While hiking, Hackney met her future husband, Charles Lacy, who was from a town near Tazewell; in 2023, she moved with him to Charlottesville, Virginia. She worked as an administrative assistant at the University of Virginia while weaving her essays into a larger memoir. That writing process led to reflecting more deeply on Harvard memories—like when, during those dark and difficult early months, she found solace in a statue she stumbled upon on the Harvard Business School campus. Inés, by Jaume Plensa, is a 23-foot cast-iron head of a woman with her eyes closed. At night, Hackney spent time with the figure, whose features shifted depending on where she stood. “Something about that distortion really interested me,” she explains. The full picture of the woman was fluid; it was never wholly present, nor could it be.

It seems a fitting metaphor for the project of her memoir. “No matter where I was,” Hackney says, whether at home or Harvard, “I was kind of caught in this in-between.” When in one place, she longed to be in the other. As she writes: “It was a confusion I’d wrestle with over and over: reconciling a person’s sins with their enduring kindness; or the abuses of religion with its many comforts; or the strangeness and loneliness of Harvard with its transforming powers.” Contradictions, she has found, just endure. She loves Appalachia; she loves to be away from Appalachia.

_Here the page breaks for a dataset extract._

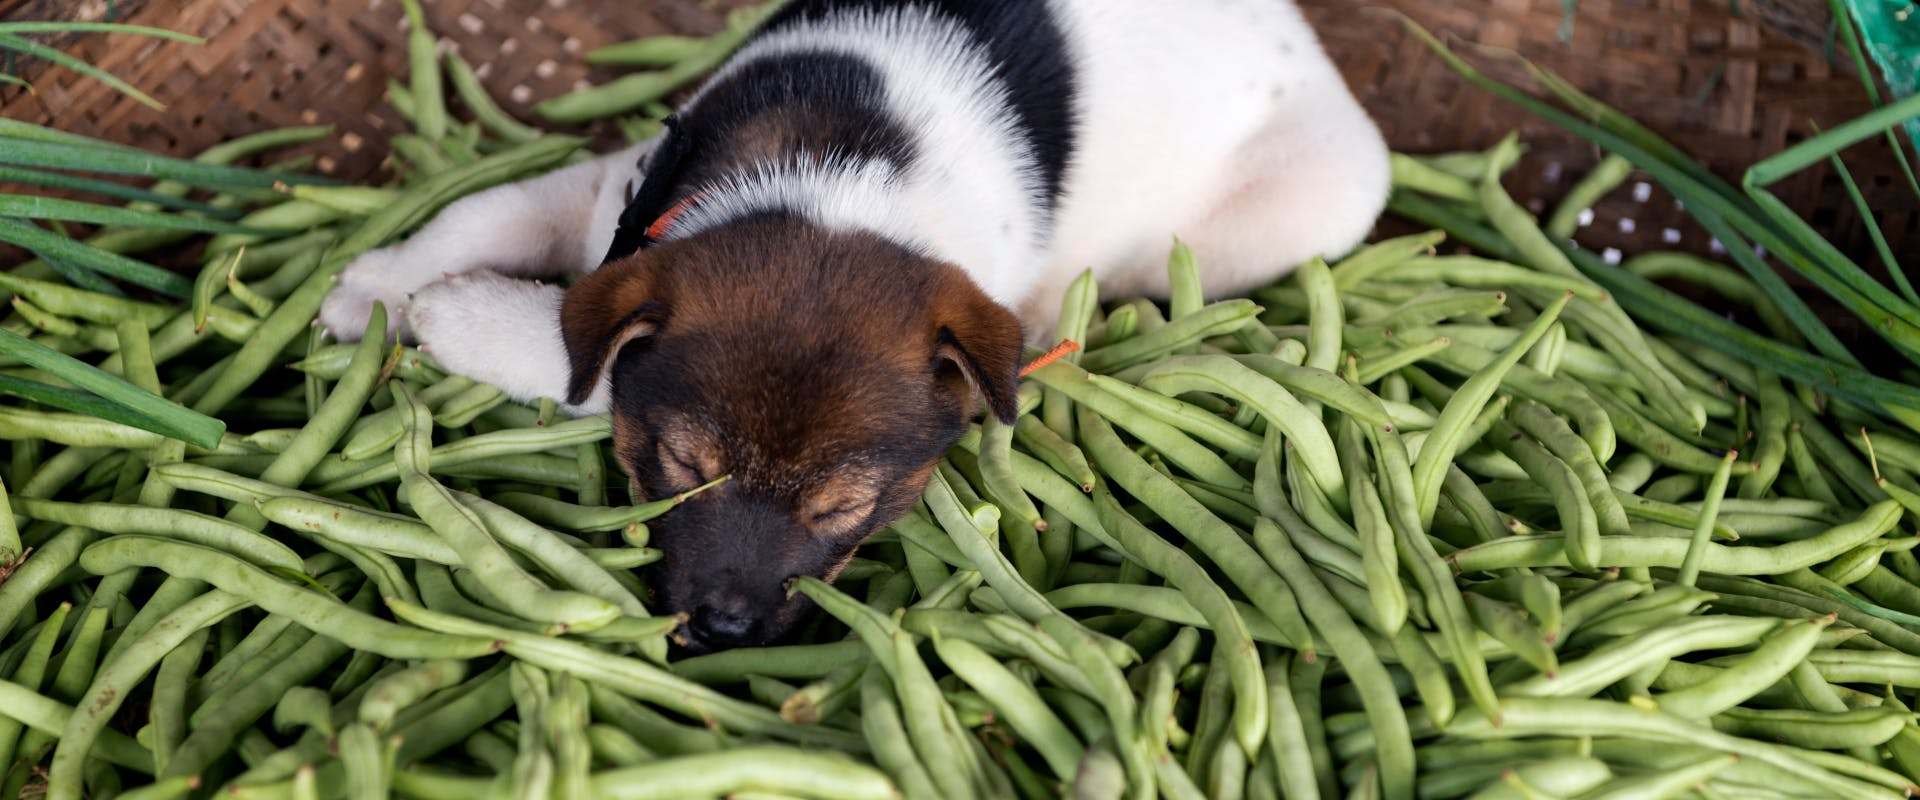 a black and white puppy asleep on a pile of green beans

This January, Hackney gave birth to a daughter, Della. So, she laughs, there’s not “a whole lot of writing going on at the moment.” But ideas and notes are percolating around stories of her Appalachian Trail hike. Or maybe, one day, she’ll write more about religion. Her world religions class at Harvard, she writes in the memoir, had offered the idea of a “universal quest for morality and, opposite of what I’d once believed, many paths to achieve it.”

As of right now, she has no plans to return to Tazewell through words or in person—“too many bad memories,” she says. The church she was part of is still influential, and she doesn’t want to see, or hear about, her ex-fiancé. “It’s still a town where everyone knows everyone and gossip gets passed around,” she says, “and I just want to keep my distance.” But she might return to Appalachia. She’s always been awed by the landscape, the mountains—“confining and comforting, ancient and noble…I feel as if I was born from them, as if my bones were formed from their dirt,” she writes.

The people there helped shape and encourage her, too. She thinks of the old friend she reconnected with while home during the pandemic, to whom she dedicates her book, calling him “Jeremy.” After she left her fiancé and her church, Jeremy was the first friend she made outside of that religious structure; he represented a different kind of devotion and freedom. In the book, when she tells him she got into Harvard, he’s happy for her, eager to see what happens next and how she’ll fare. “Hell yeah,” he tells her. “Get the hell out of here. Go do something big.”